▶ **WHAT THE TASK ASKS**:
I would like the lines below, from the one with "Celebrate the many" through the one with "PASTOR to PASTOR: COVID-19", copied exactly and without any pictures.

▶ **THE DATA**:
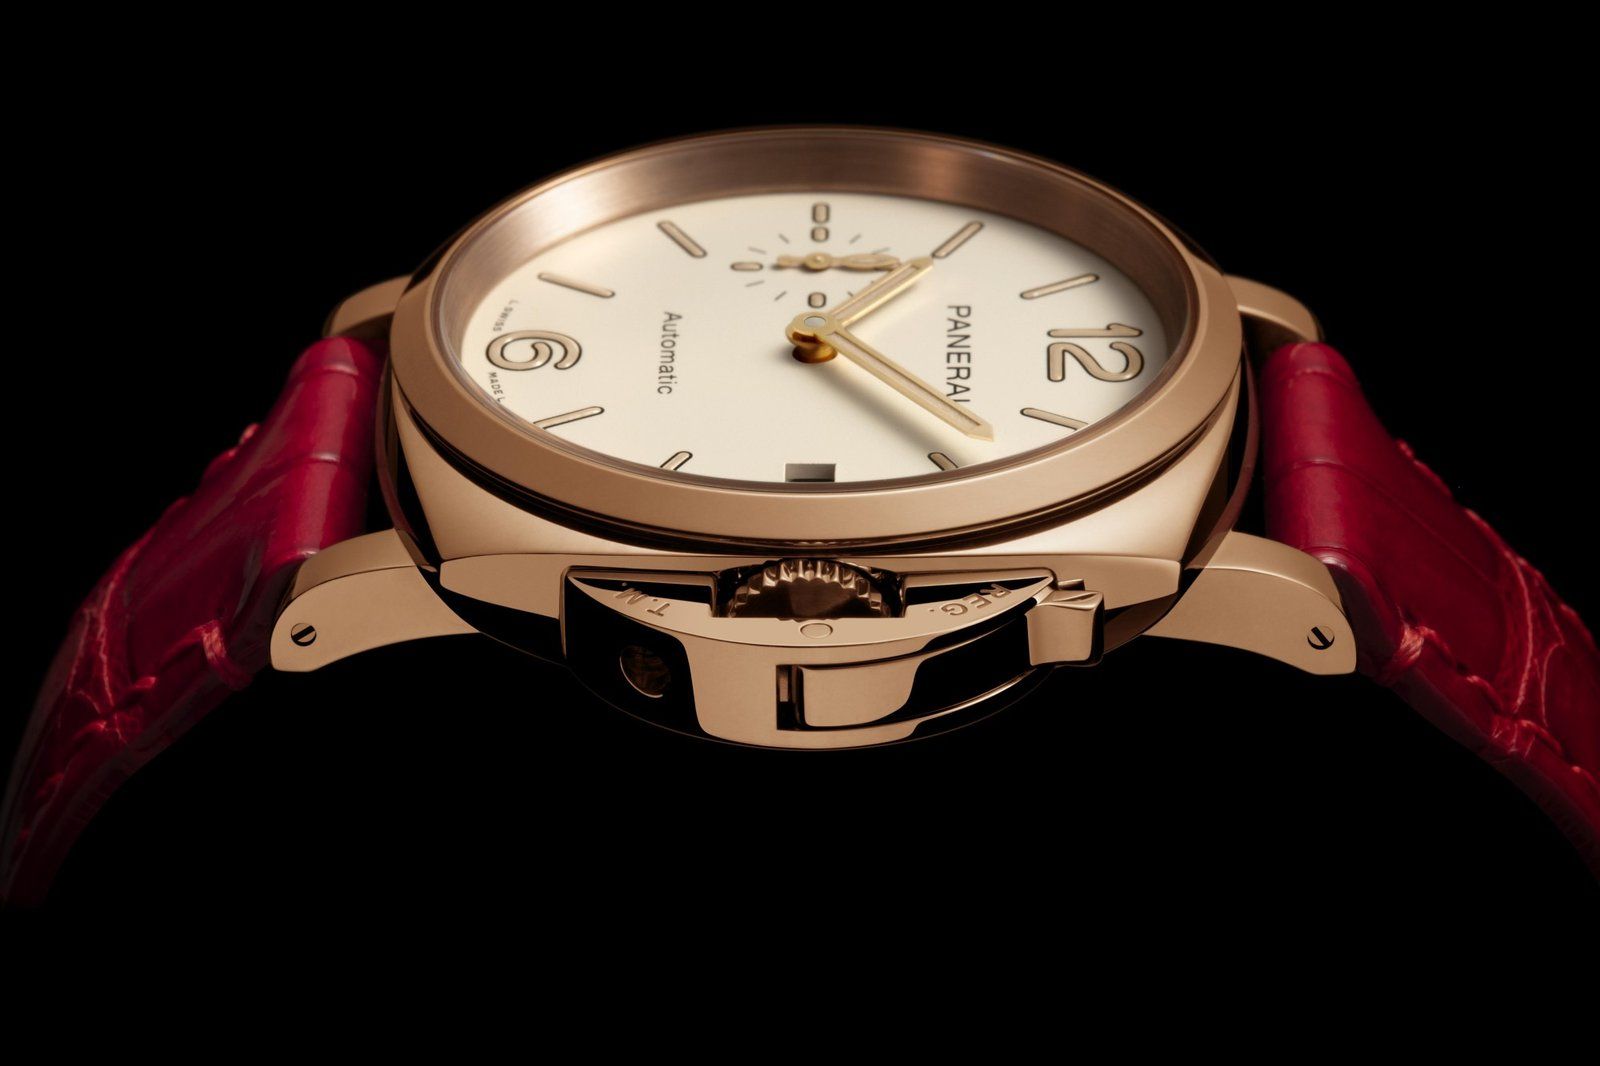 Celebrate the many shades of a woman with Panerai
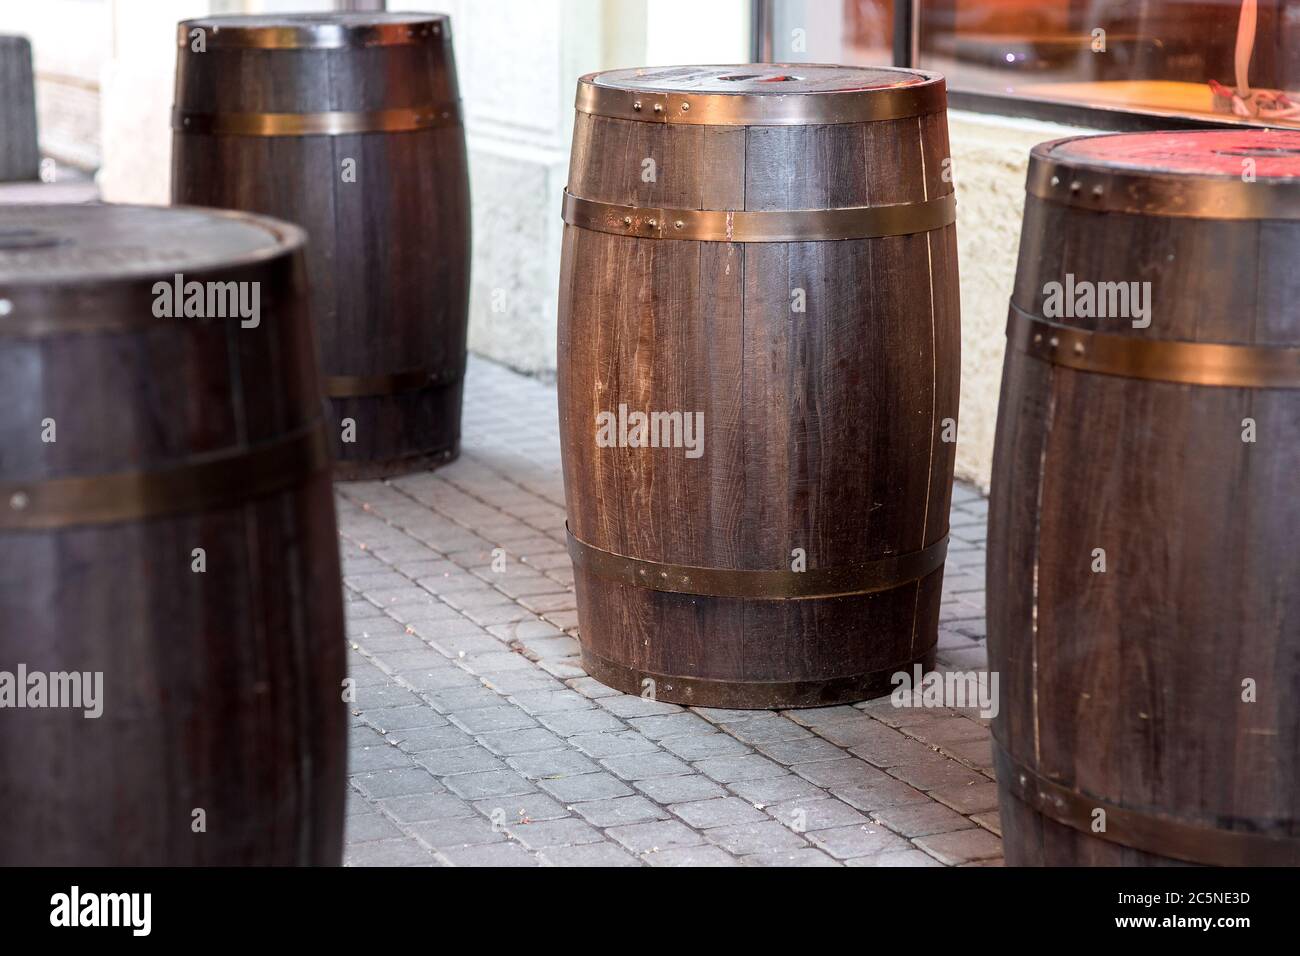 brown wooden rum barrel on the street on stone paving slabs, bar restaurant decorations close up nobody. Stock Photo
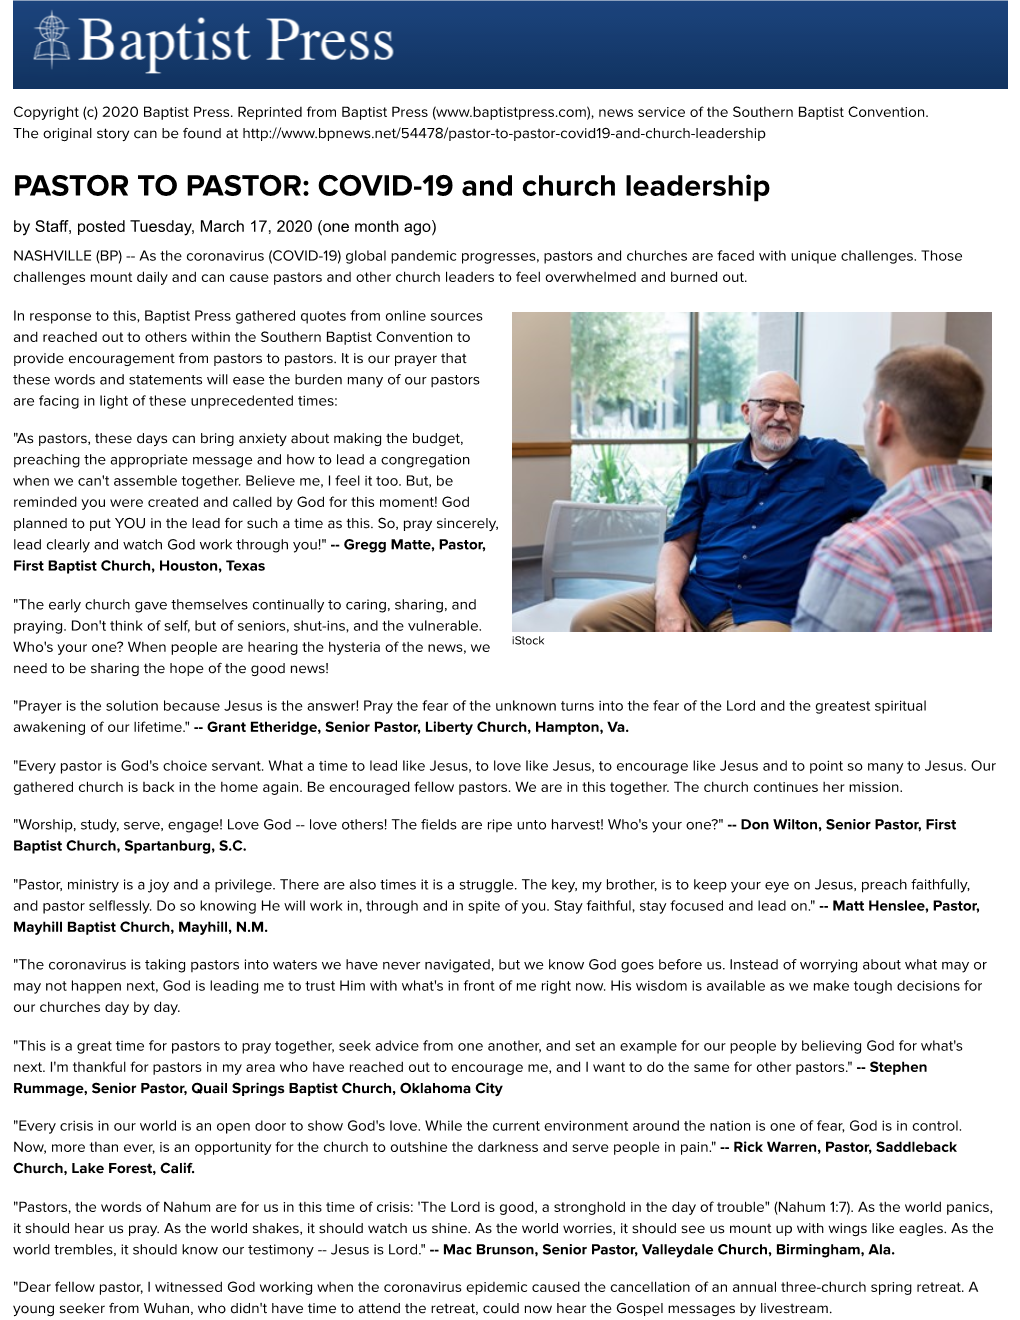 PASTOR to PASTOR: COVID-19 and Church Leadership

* * *

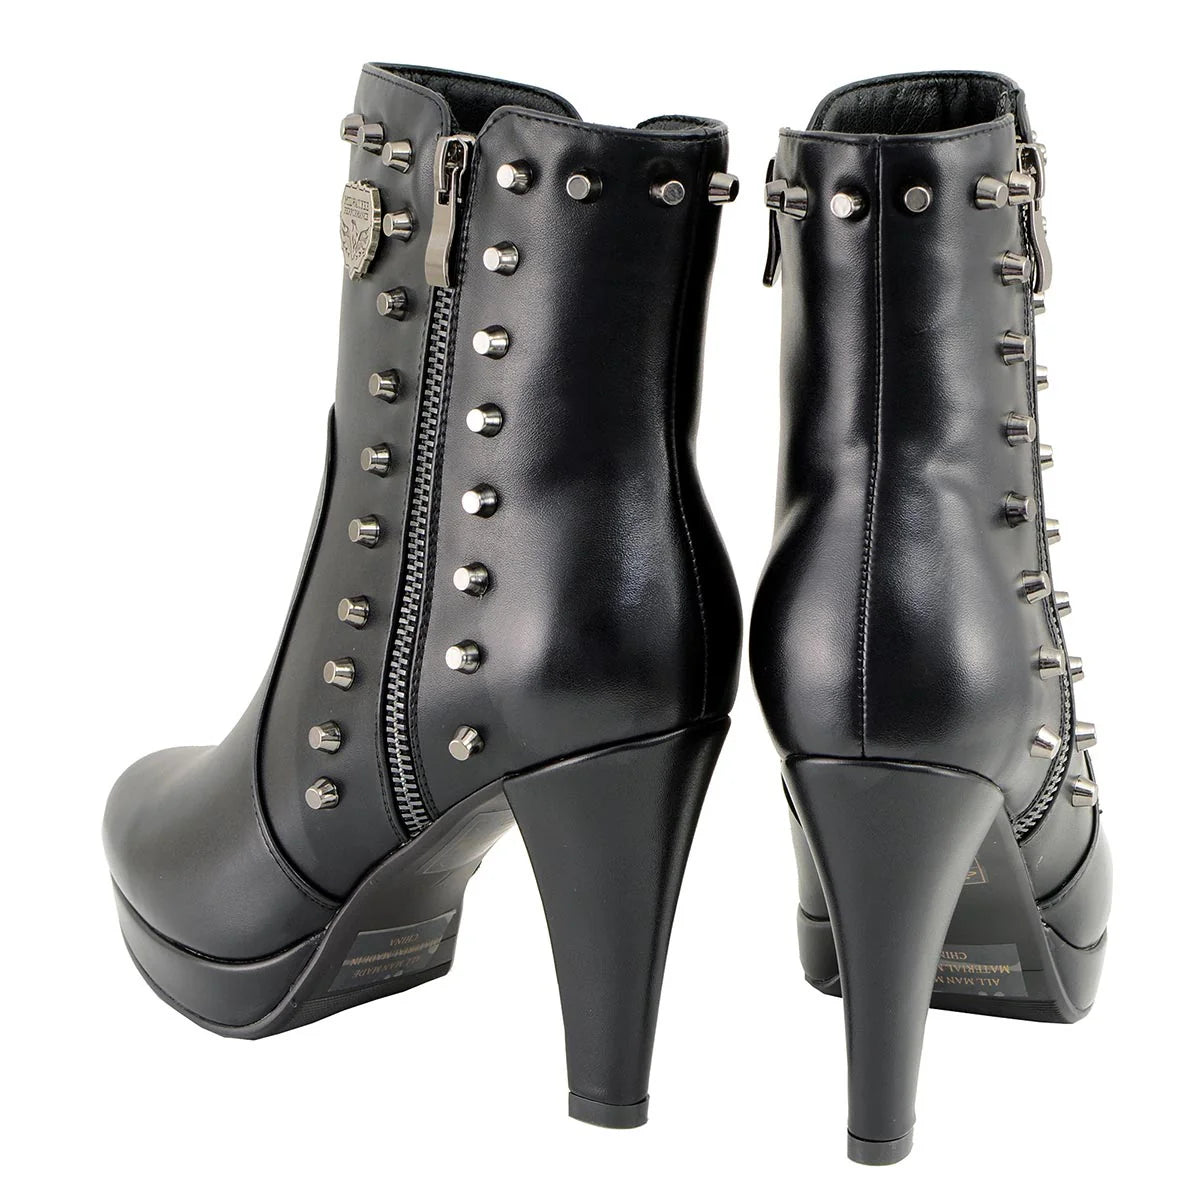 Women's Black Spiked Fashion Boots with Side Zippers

▶ **ANSWER BOX**:
 Celebrate the many shades of a woman with Panerai
 brown wooden rum barrel on the street on stone paving slabs, bar restaurant decorations close up nobody. Stock Photo
 PASTOR to PASTOR: COVID-19 and Church Leadership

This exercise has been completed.